Business improvement districts have been instrumental in improving the vitality of local high streets and town centres. Property owners are currently able to have their own BID levies, but only in London, due to existing legislation. The Business Rate Supplements Act 2009 introduced property owner BIDs but required a business rates settlement to be enforced in the same area. That has limited property owner BIDs to areas where such a settlement is being implemented, which is currently only for Crossrail. Schedule 5 will remove that requirement, so that it will no longer be the case that a business rates settlement must be enforced in order to set up a property owner levy. We have otherwise sought to ensure that the business improvement district model remains unchanged, so the schedule replicates the existing statutory framework.
Schedule 5 omits schedule 2 to the 2009 Act, which provided for the existing property owner BID arrangements, and inserts new chapter 2 into part 4 of the Local Government Act 2003. Schedule 5 sets out the provisions for the property owner BID. The levy can be introduced only within an existing BID and must be used to fund only the projects that are specified in the relevant arrangements and are intended to benefit those in the district. The levy is raised on those with a relevant property interest. How it is calculated, and which persons with a property interest are to pay it, is left to the discretion of each BID and must be specified in the property owner arrangements.
I had hoped to catch your eye after my hon. Friend the Member for Oldham West and Royton to pick up on one particular concern, Mr Gapes, but I will ask the Minister about it now. As I understand it, there is no definitive and accurate record of property owners in the UK, so property owners wanting to take advantage of the clause and schedule may face difficulties in tracking down their fellow property owners. What further steps does the Minister envisage taking—perhaps through work with the Land Registry or other arrangements—to help to tackle that problem?
We are certainly looking at that area. In terms of bringing forward property owner BIDs, it is obviously extremely important that the whereabouts of property ownership are clearly identified, because a system very similar to that implemented in current BID legislation will be used to ballot property owners in that regard.
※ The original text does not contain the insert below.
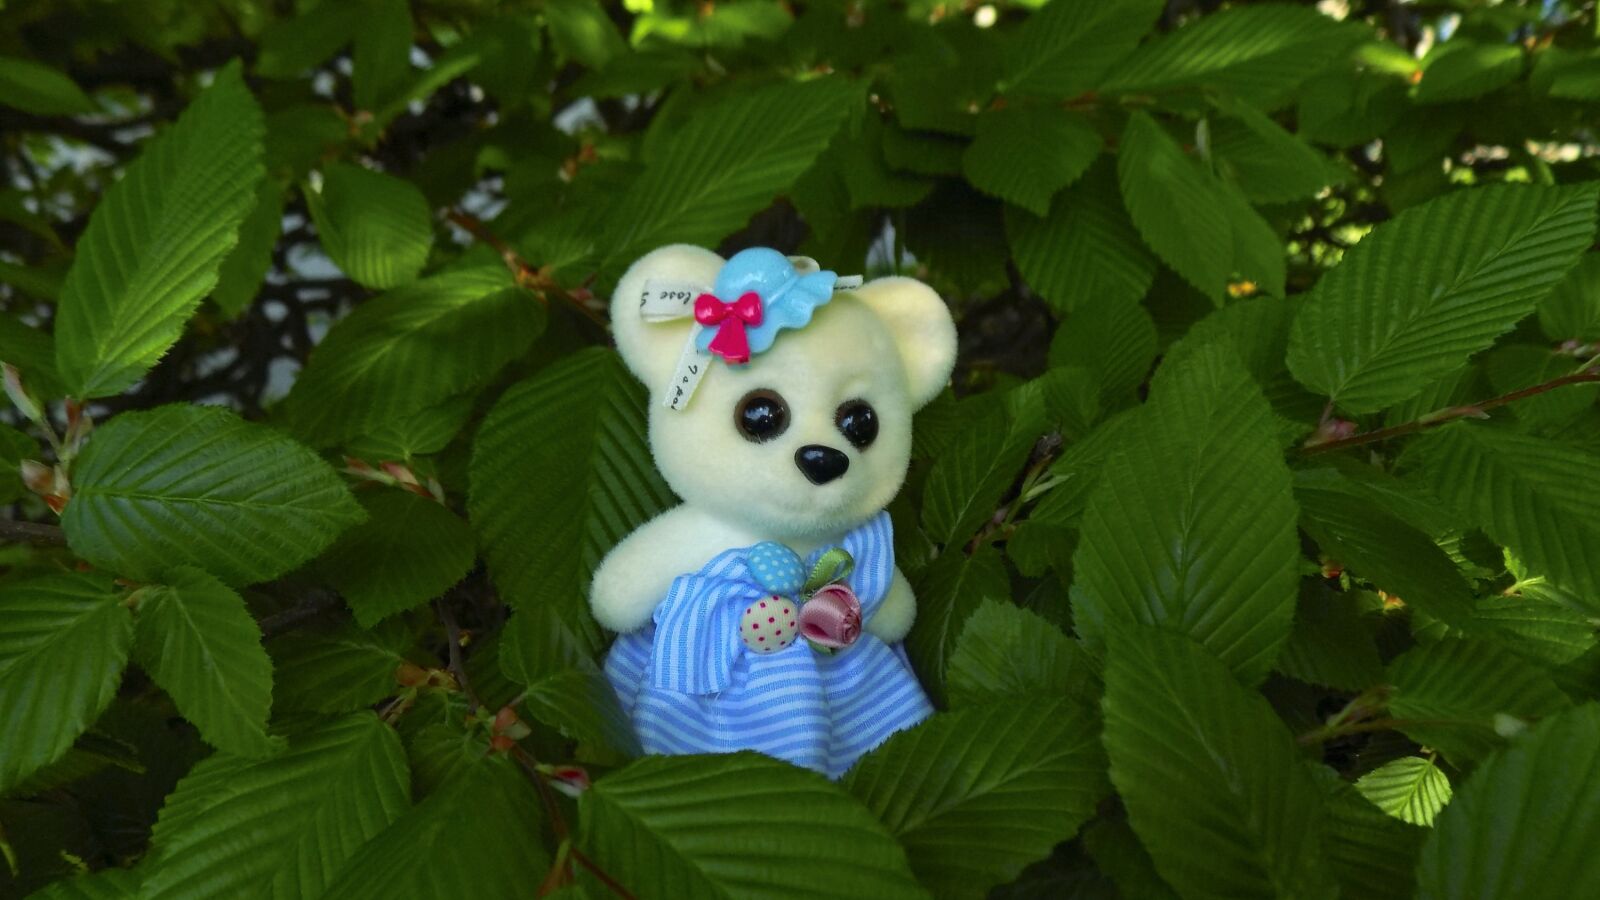 Nikon COOLPIX L330 sample photo. Bear, teddy-bear, toy photography
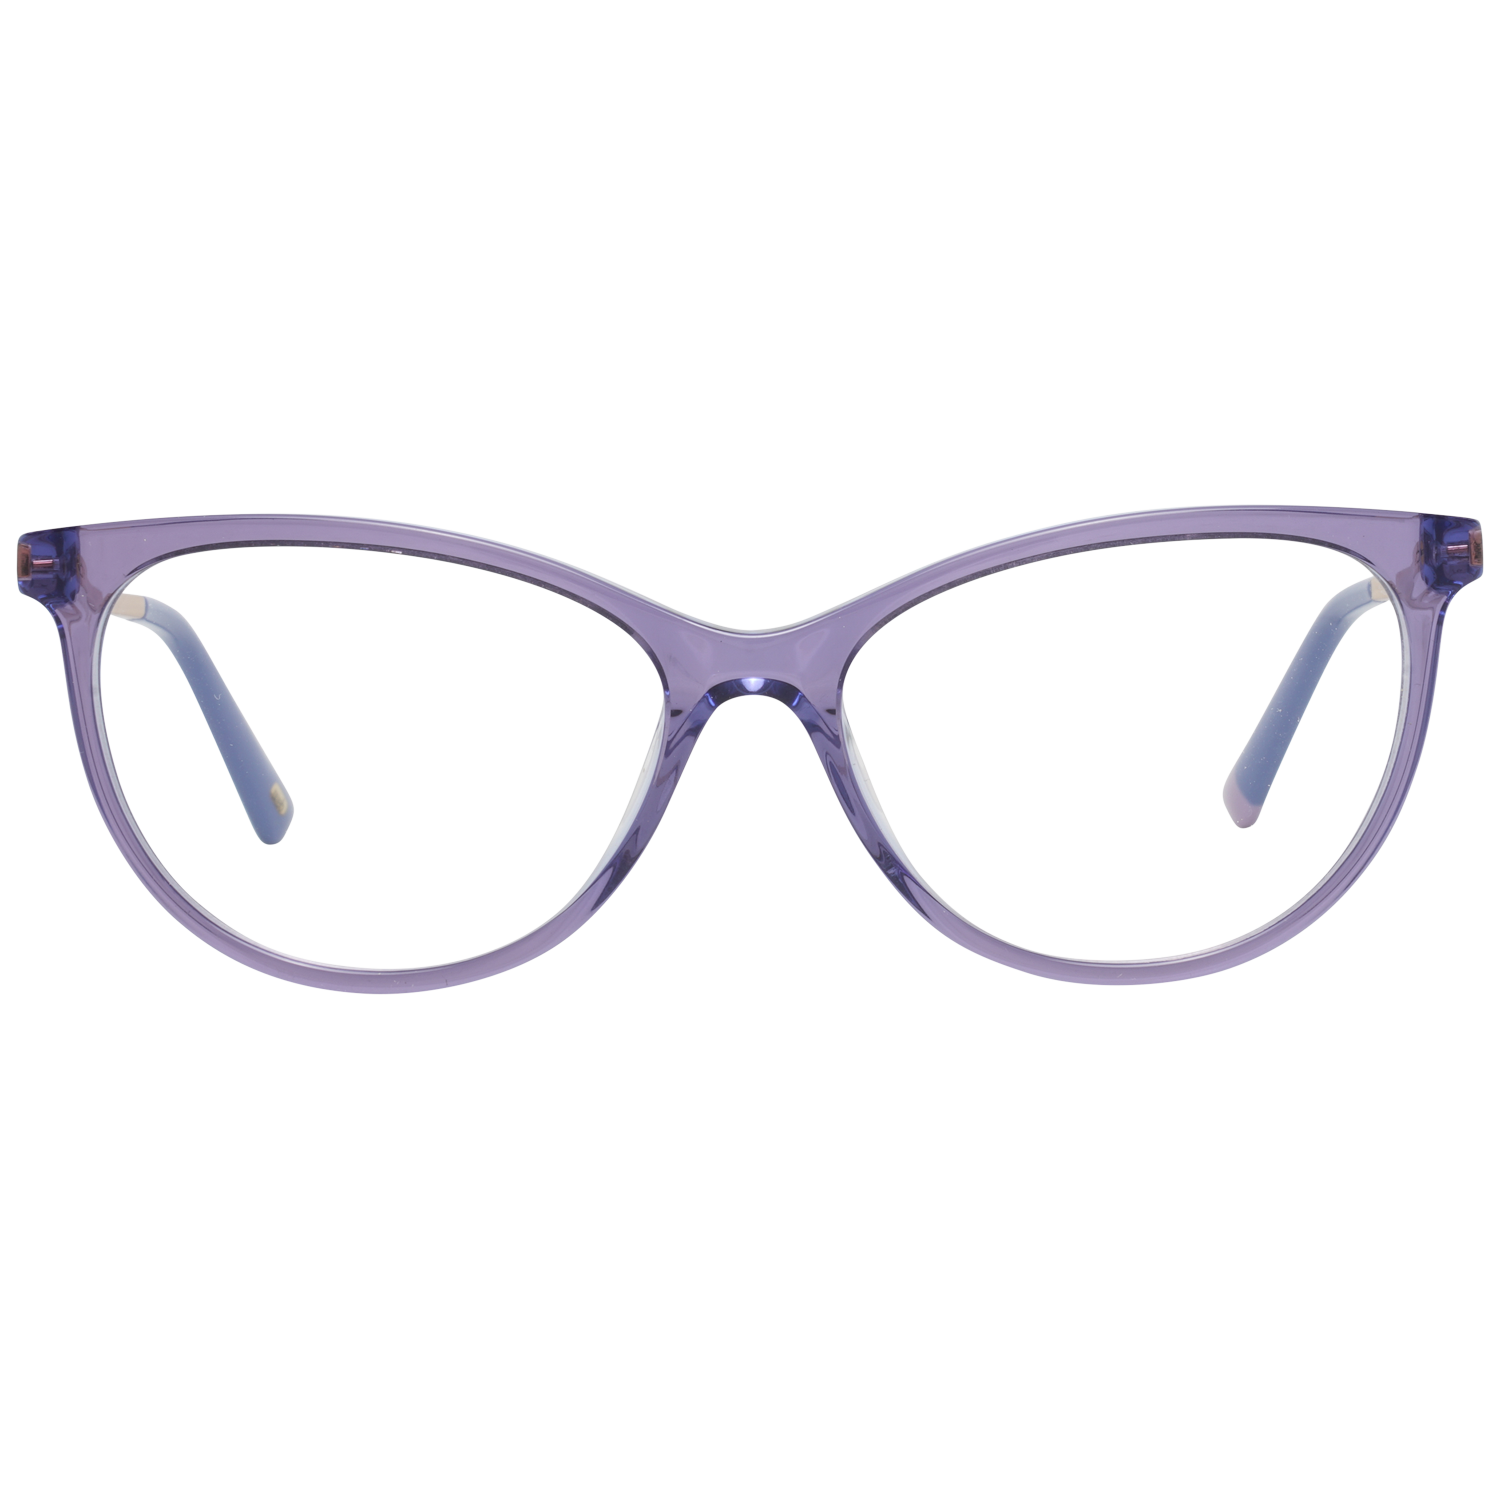 Web Frames Web Optical Frame WE5239 080 54 Eyeglasses Eyewear UK USA Australia

I wonder whether I could pursue that a little further. I hear the point that the Minister makes, but I wonder whether the Bill makes it easier for property owners wanting to take advantage of the legislation further down the line. For example, would it be sensible for Ministers to contemplate making it a requirement of property owners that they declare their ownership to the local billing authority, in order to make it easier for the local authority to collect other charges and, in the context of the clause, to make it easier for property owners to talk to each other about a possible BID in future?
There are no plans to do that at this stage, but I certainly hear what the hon. Gentleman says. I will take that point seriously and consider those comments, as I always do with points he raises. Obviously, as I said before, it is important in the context of what we are talking about that the ownership of property is clearly identified.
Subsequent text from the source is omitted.